● Exercise instructions: Copy out all the lines of the data precisely, omitting any pictures.

● Recorded data:
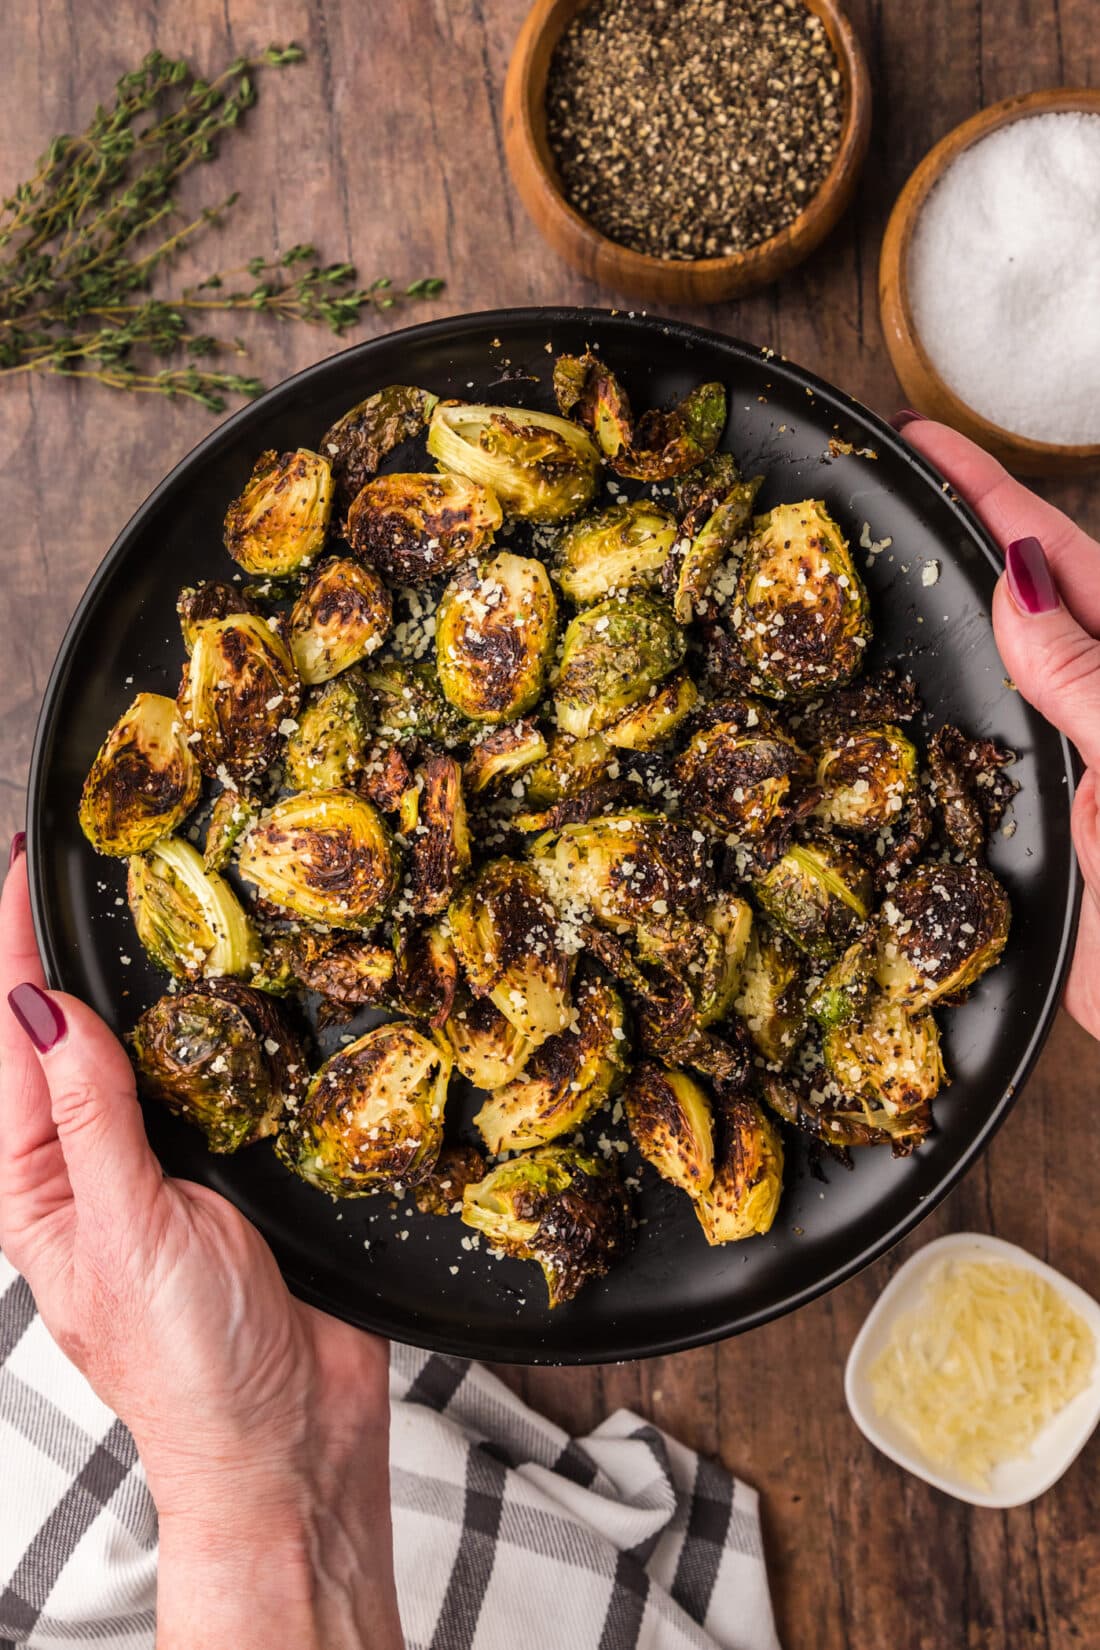 Hands holding a plate of Roasted Brussel Sprouts topped with parmesan
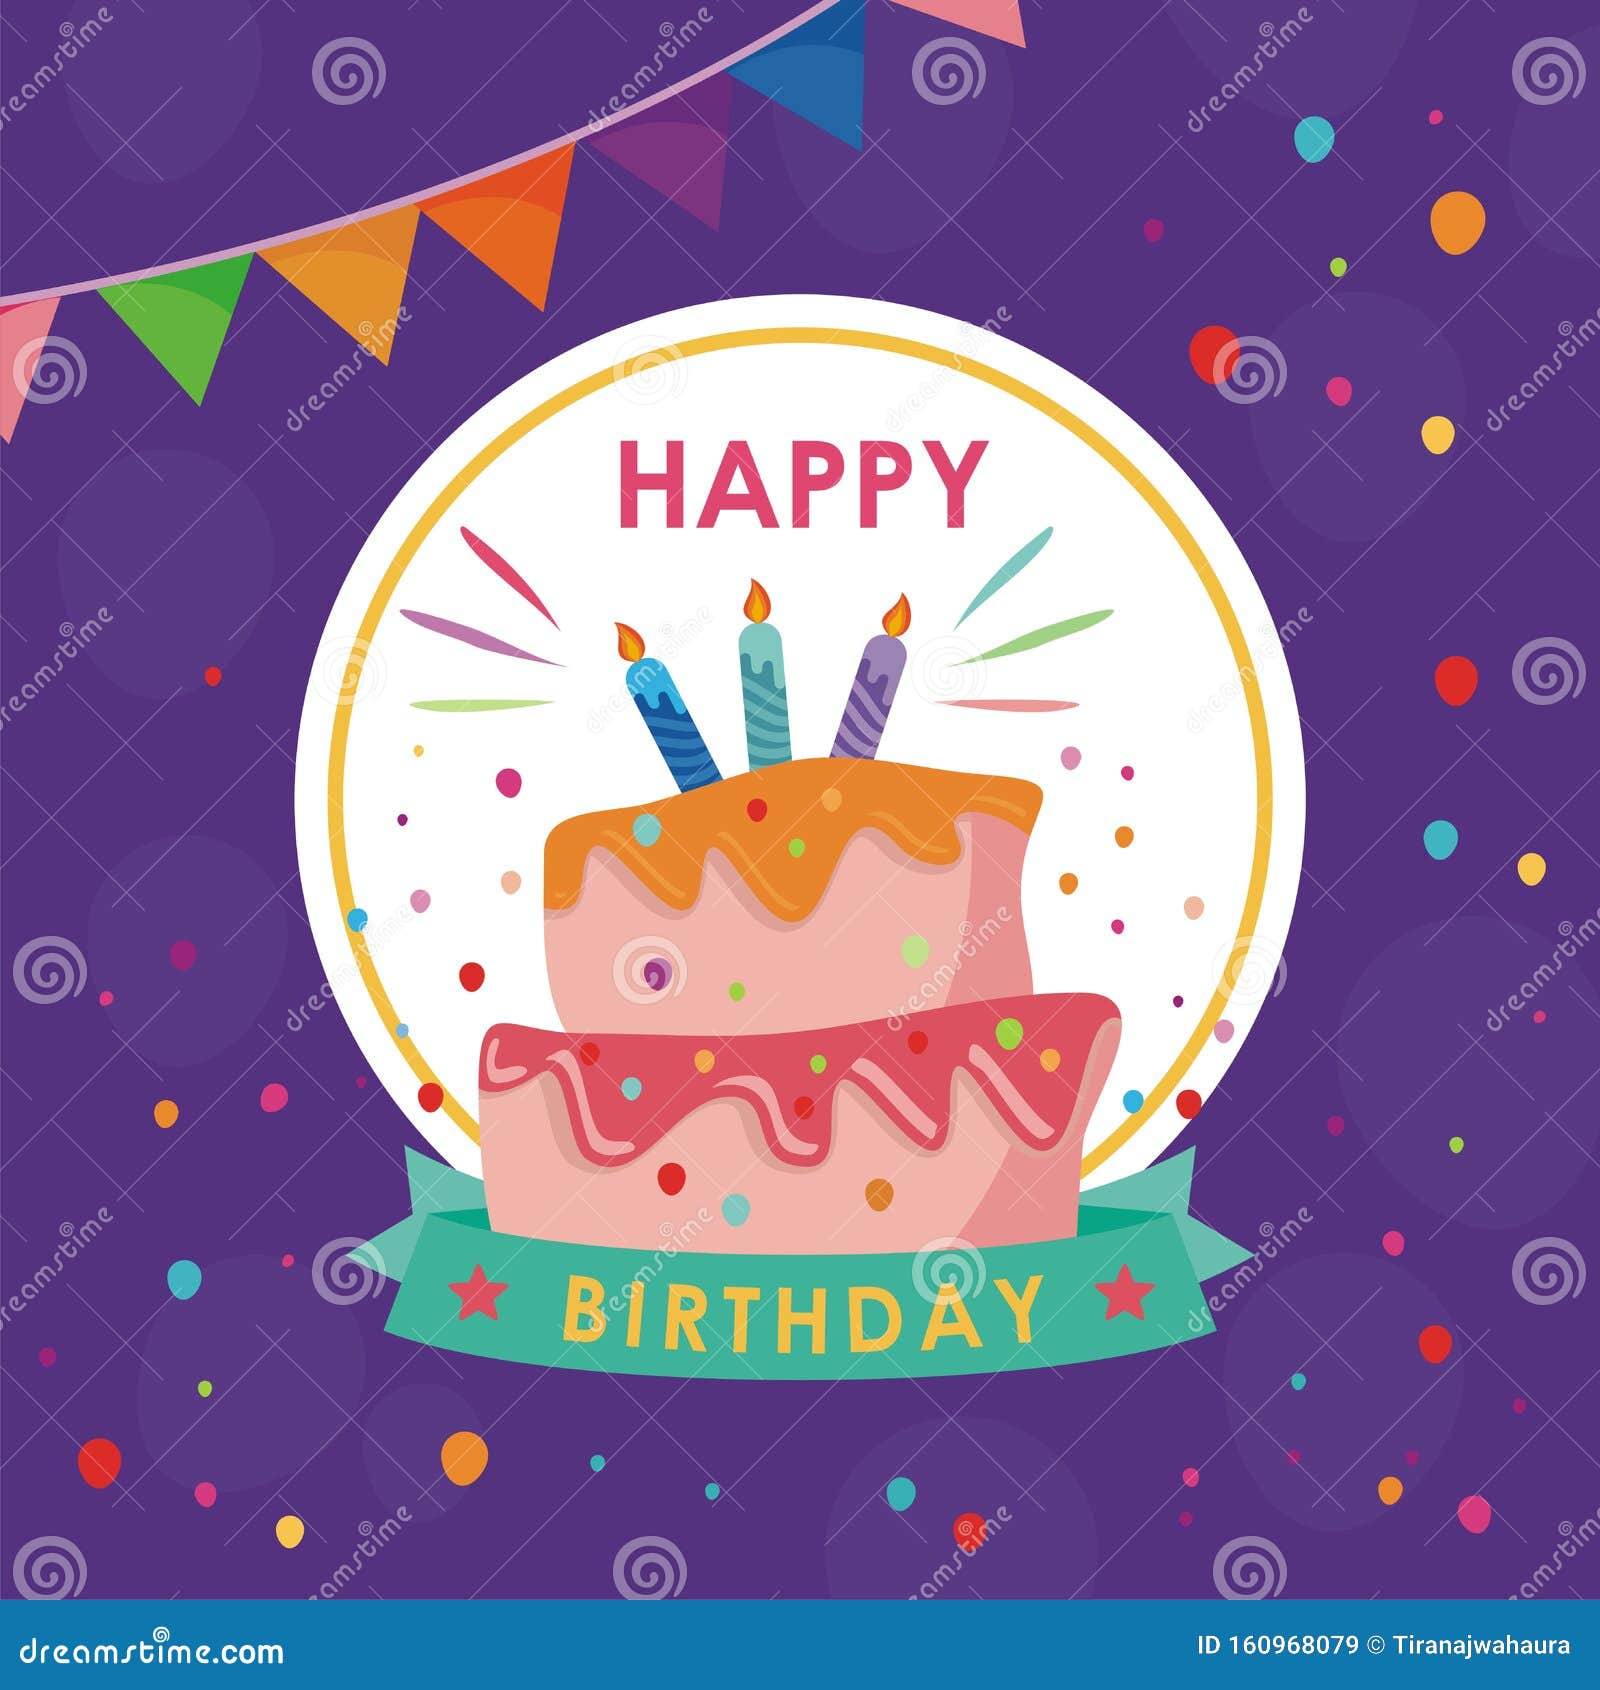 Happy Birthday Card Template Design With Trendy And Cute Design Stock Vector Illustration Of Elegant Border
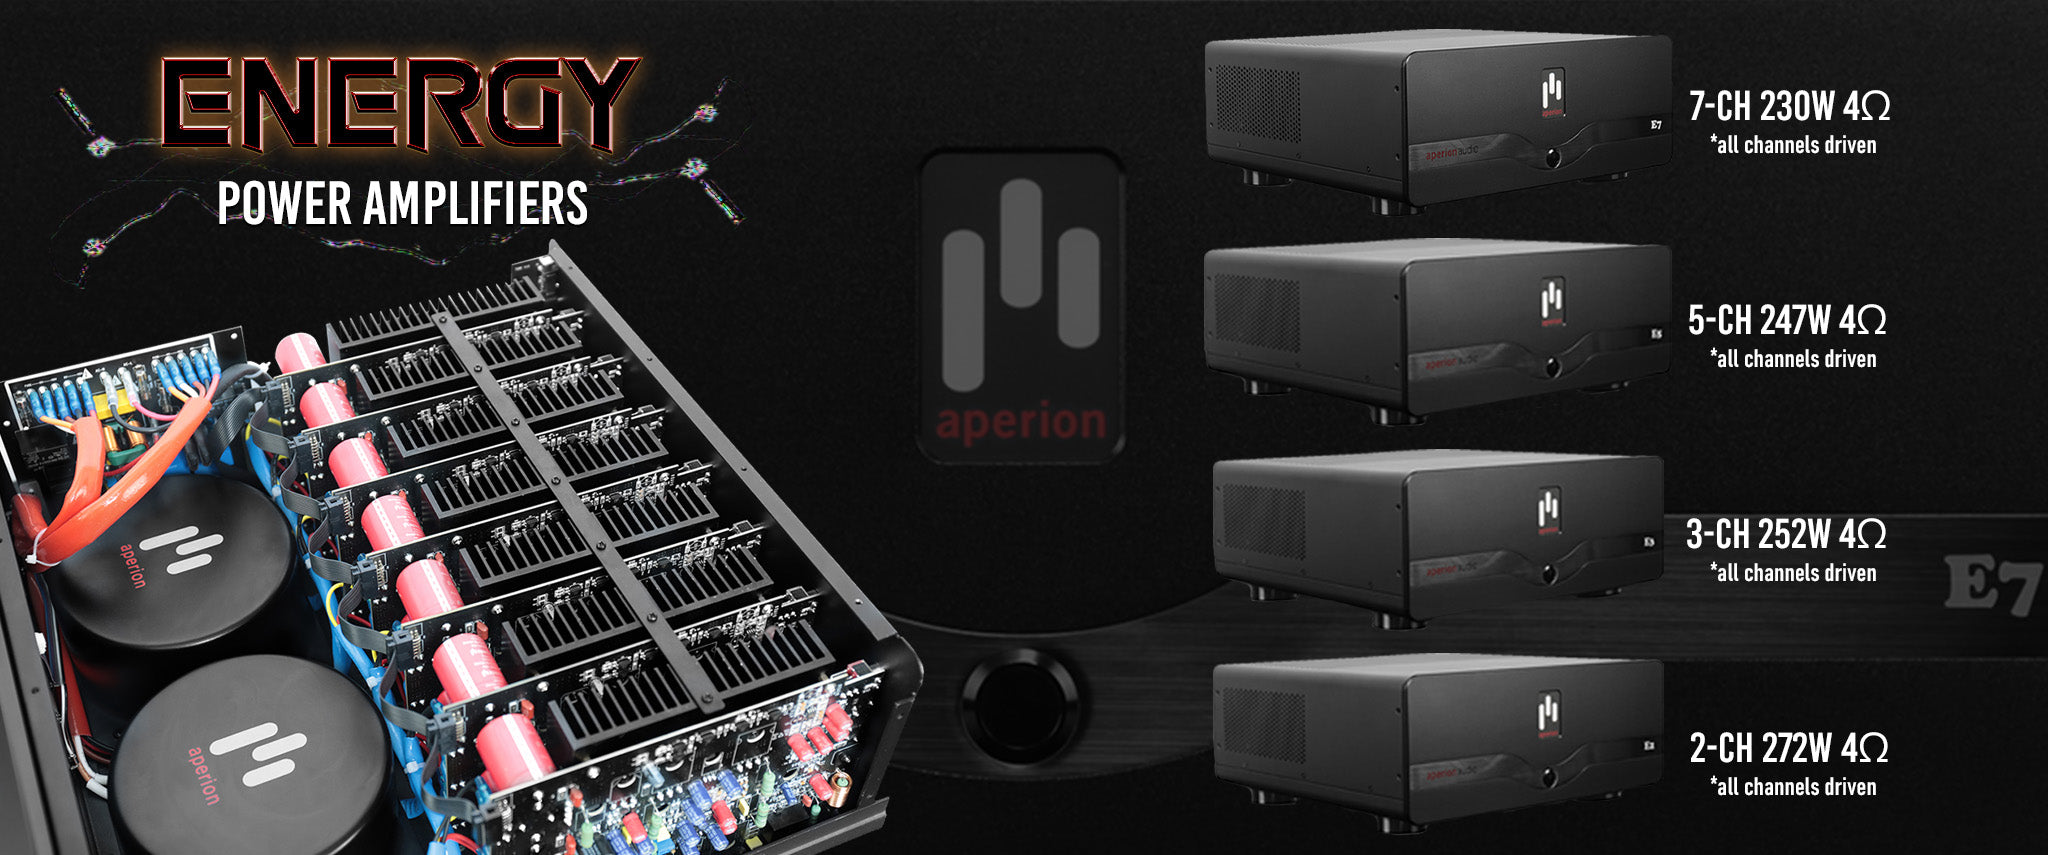 heden Bezit Wens Aperion Audio | Best Home Theater Surround Sound Stereo Speaker System
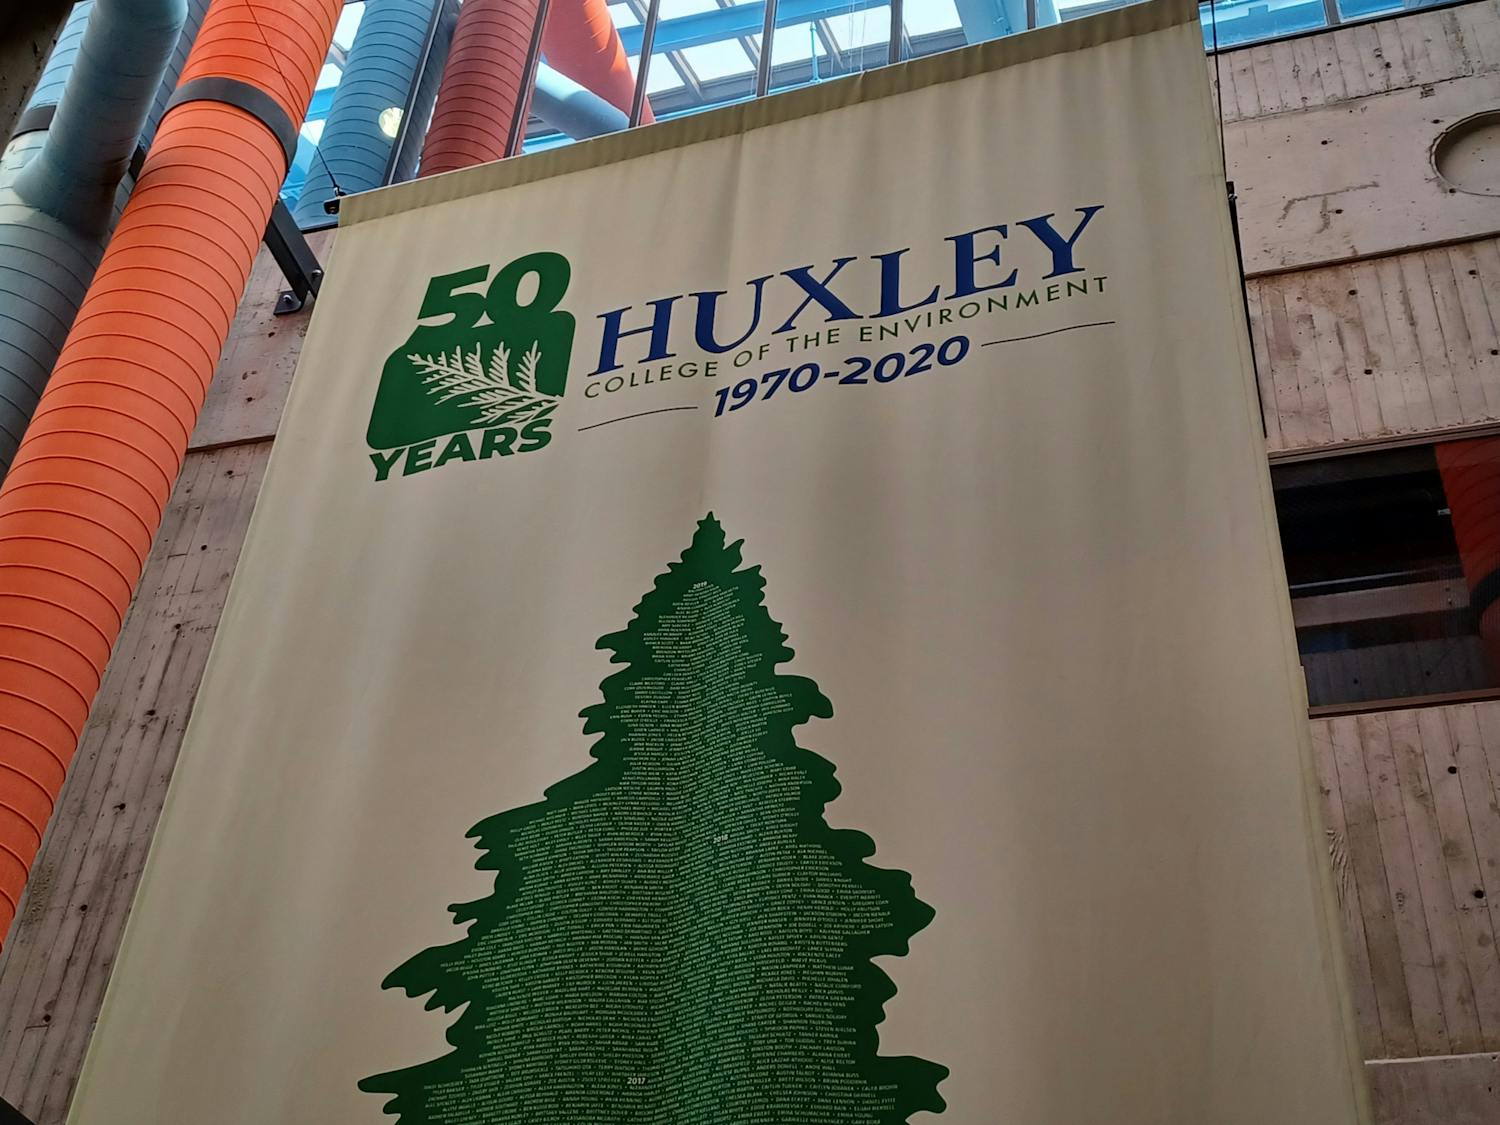 (1) ‘College of the Environment’ remains official name, one year after ‘Huxley’ removal

● Answer for the task:
 Hands holding a plate of Roasted Brussel Sprouts topped with parmesan
 Happy Birthday Card Template Design With Trendy And Cute Design Stock Vector Illustration Of Elegant Border
 heden Bezit Wens Aperion Audio | Best Home Theater Surround Sound Stereo Speaker System
 (1) ‘College of the Environment’ remains official name, one year after ‘Huxley’ removal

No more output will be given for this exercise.